One of the more basic approaches to answering this question is Overrepresentation Analysis (ORA) (citation: https://yulab-smu.top/biomedical-knowledge-mining-book/references.html#ref-boyle2004). It takes as input a list of genes (aka the background) with pvalues indicating which genes are differentially expressed, and a pathway / set of genes, computes the number of DEGs that are found in the pathway, and then computes a p-value using a hypergeometric distribution based on that number along with the number of background genes and number of genes in the pathway.

## GSEA

ORA is solely based on the number of DEGs out of the , and thus will find pathways that have a lot of DEGs out of the background. However, ORA will miss smaller but coordinated changes in pathways, for example when a pathway does not contain many DEGs, but all genes in the pathway change together.
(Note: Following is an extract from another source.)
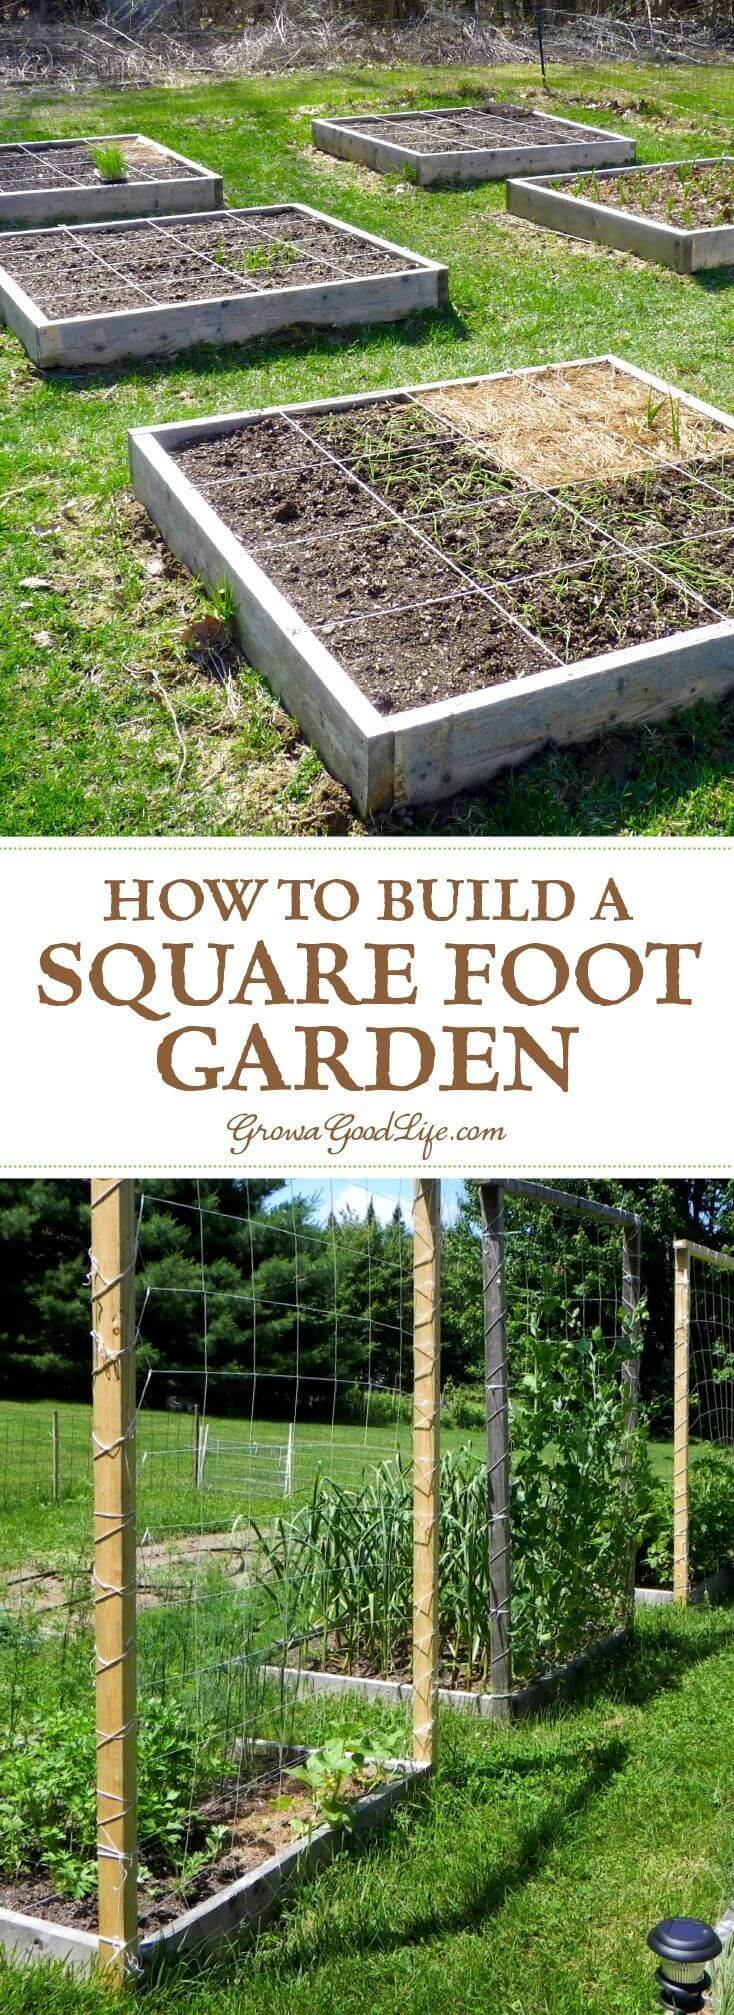 Climbing Lattice for Raised Garden Beds
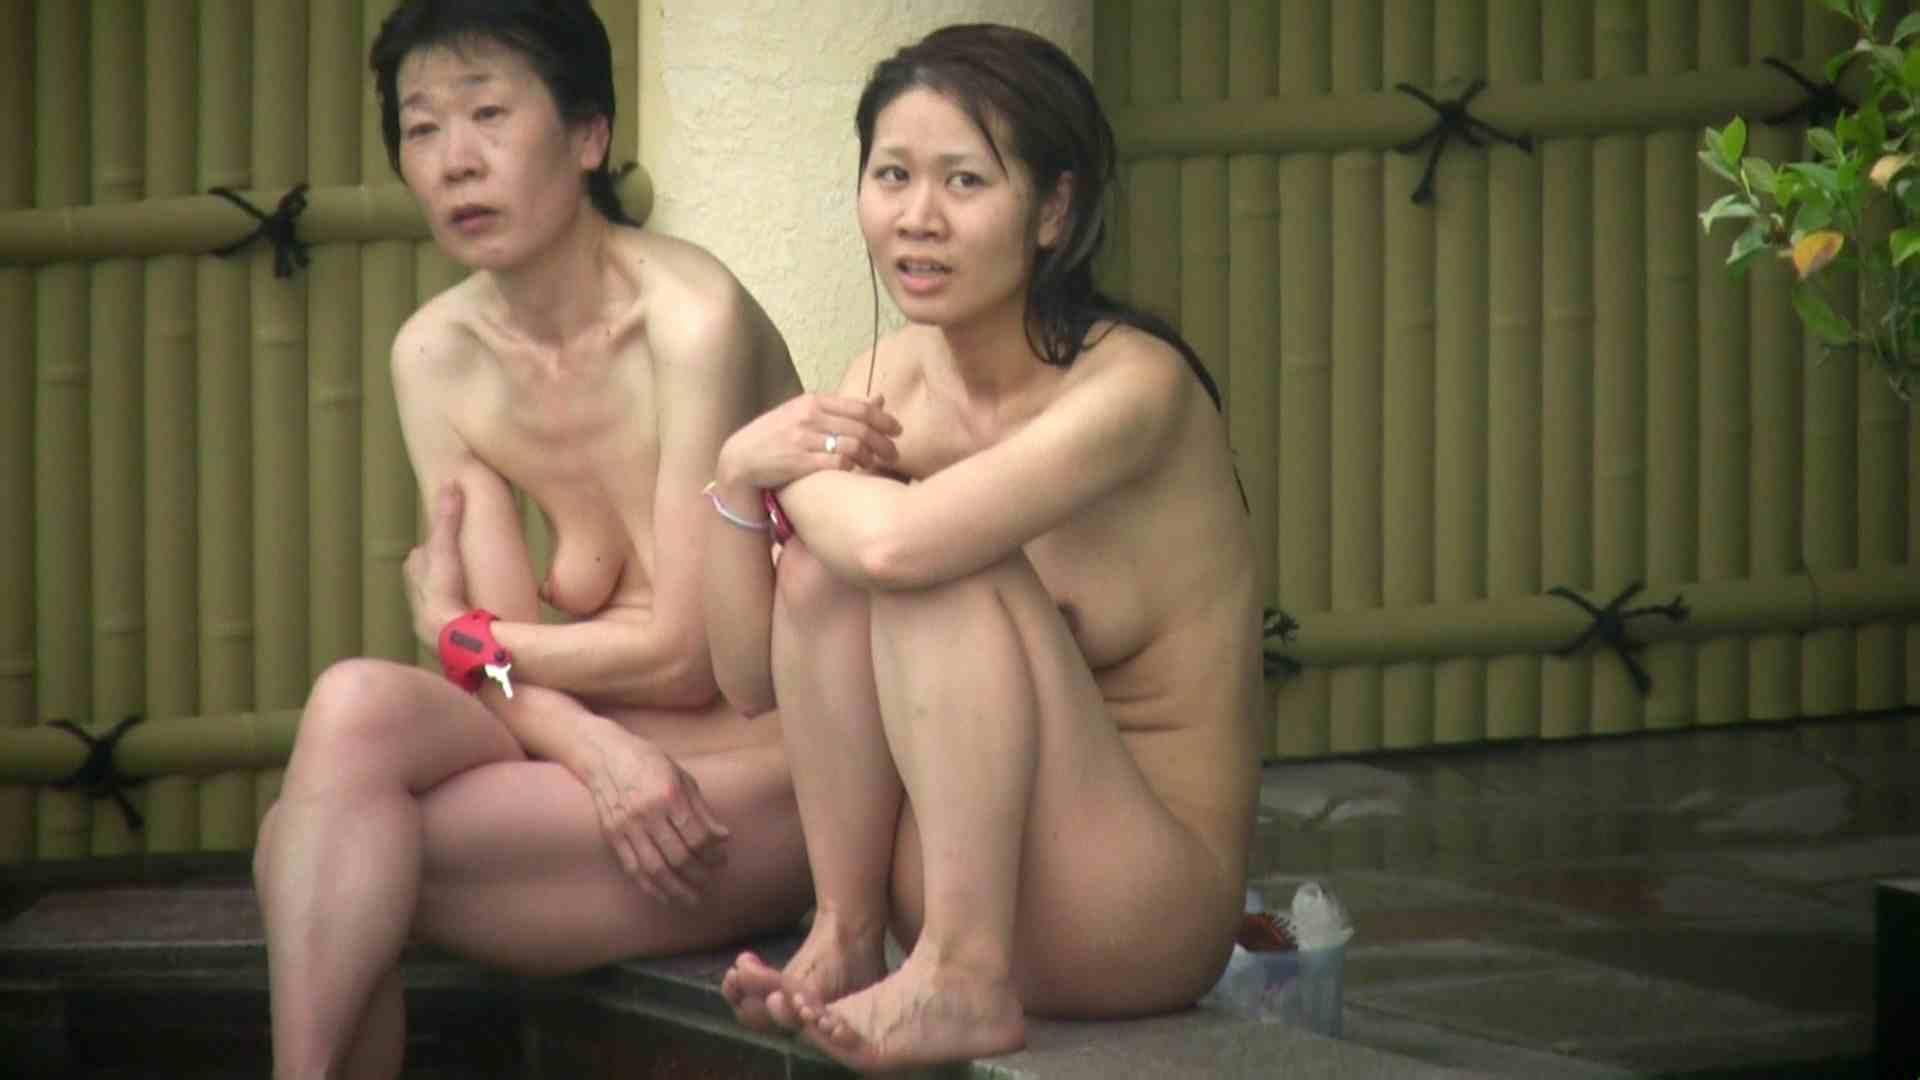 Aquaな露天風呂Vol.07 盗撮シリーズ   露天風呂編  94PIX 77

A more complex approach to address this question is Gene Set Enrichment Analysis (GSEA), which utilizes all genes in the list rather than just the DEGs. GSEA takes a ranked list of genes in the set instead. How to create the ranked list is an open question, but typically log fold change, the test statistic, or a combination of log fold change and pvalue from a differential expression analysis are used.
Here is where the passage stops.